2. Kendi kendine yetme: İşinden başka bir şey konuşmayan ve bilmeyen insanlar ilk defa ampül değiştirme yemek yapma tasarruflu davranma basit tamirler yapma bahçedeki bitkilerle ilgilenme spor yapma veya yaptırma müzik aleti çalma bulaşıkları kaldırma ve temizlik yapma gibi bu zamana kadar başkalarına teslim ettikleri işleri yapmaya başladılar. Hatta kişisel bakım konusunda başka birine gerek kalmayacak şekilde kendilerini geliştirmeyle meşguller. Evde kalma süresi uzadıkça gençler de etrafı temiz tutmanın ebeveynlerden gelen bir nasihat değil gerçek bir gereklilik olduğunu kavrayacaklar. Nihayetinde bireyler “kendi kendine yetme” işinin gelişim için önemli bir kodlama olduğunun farkına varacaklar. Eve geldiğinde masaya oturup yemek bekleyenler doymak için bir kişinin eline bakmanın anlamsız ve oldukça riskli bir iş olduğunu kavrayacak. Ufak bir tamir için usta beklemeyi birkaç egzersiz için spor hocası tutmayı derli toplu bir ev için temizlikçi çağırmayı bir kere daha değerlendirecekler. Bu konularda daha derinlikli bir yaklaşım göstermek istedikleri zaman uzmanlara başvuracaklar.

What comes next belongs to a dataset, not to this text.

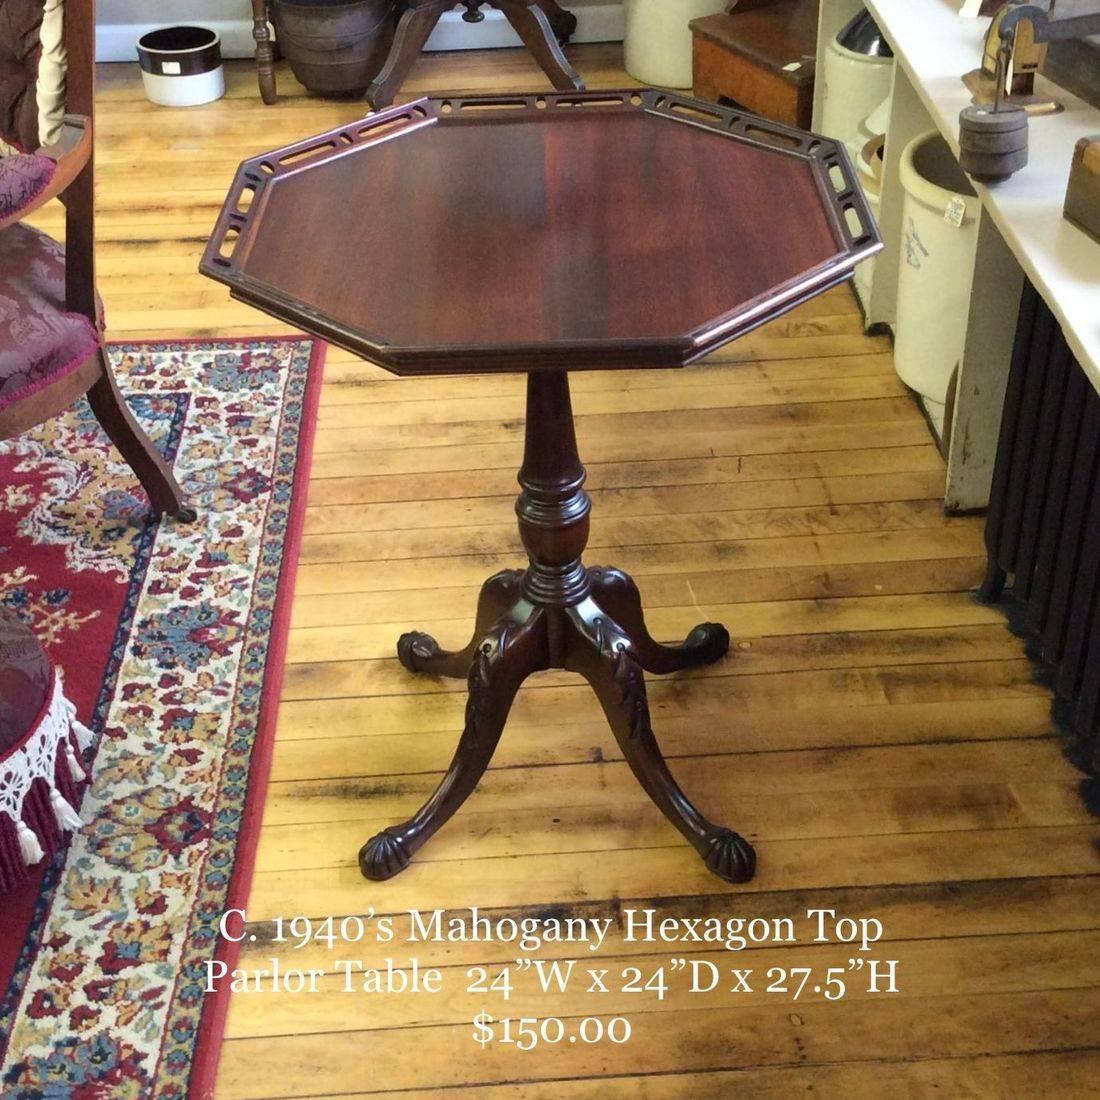 """C. 1940's Mahogany Hexagon-Top Parlor Table 24"""" x 24"""" x 27-1/2""""Hgt.   $150.00"""

3. Sabır: Hem yukarıda bahsettiğim melekelerin gelişmesi için hem de evdekilerin asgari müşterekte buluşabilmesi için sahip olunması gereken en önemli meziyet sabır olacak. Gençler itiraz edecek büyükler sabırla dinleyecek. Sonra büyükler anlatacak gençler sabırla dinleyecek. Başka çare yok. Bundan başka 23 hafta evde kalıp sosyal medyadan öğrenilenlerle tamirci yoga hocası gitarist şarkıcı ekonomist mutfak şefi psikolog tarihçi ve doktor olunmayacağını bilmek gerekiyor. Elbette herkes kendine yeteceği kadar sağlık spor gastronomi mentorlük müzik kitap sanat film vs bilmesi çok önemli. Ancak bu seviyeye bile ulaşmak için sabırla yola devam etmek gerekiyor. Ustaların ne kadar büyük işler yaptığını daha iyi anlamak için onların yaptığı işin birazını bilmek son derece faydalıdır. Dolayısıyla “sabır” bu sürecin üçüncü ve belki de en önemli kodlarından biri olacak.
Özetle pandemik bir salgınla başlayan kontrollü karantina sürecinin moral bozan tarafları yerine bize kazandıracakları üzerinde yoğunlaşmak bu “zorunlu tatil” sürecini değer yaratarak geçirmemizi sağlayacaktır diye düşünüyorum.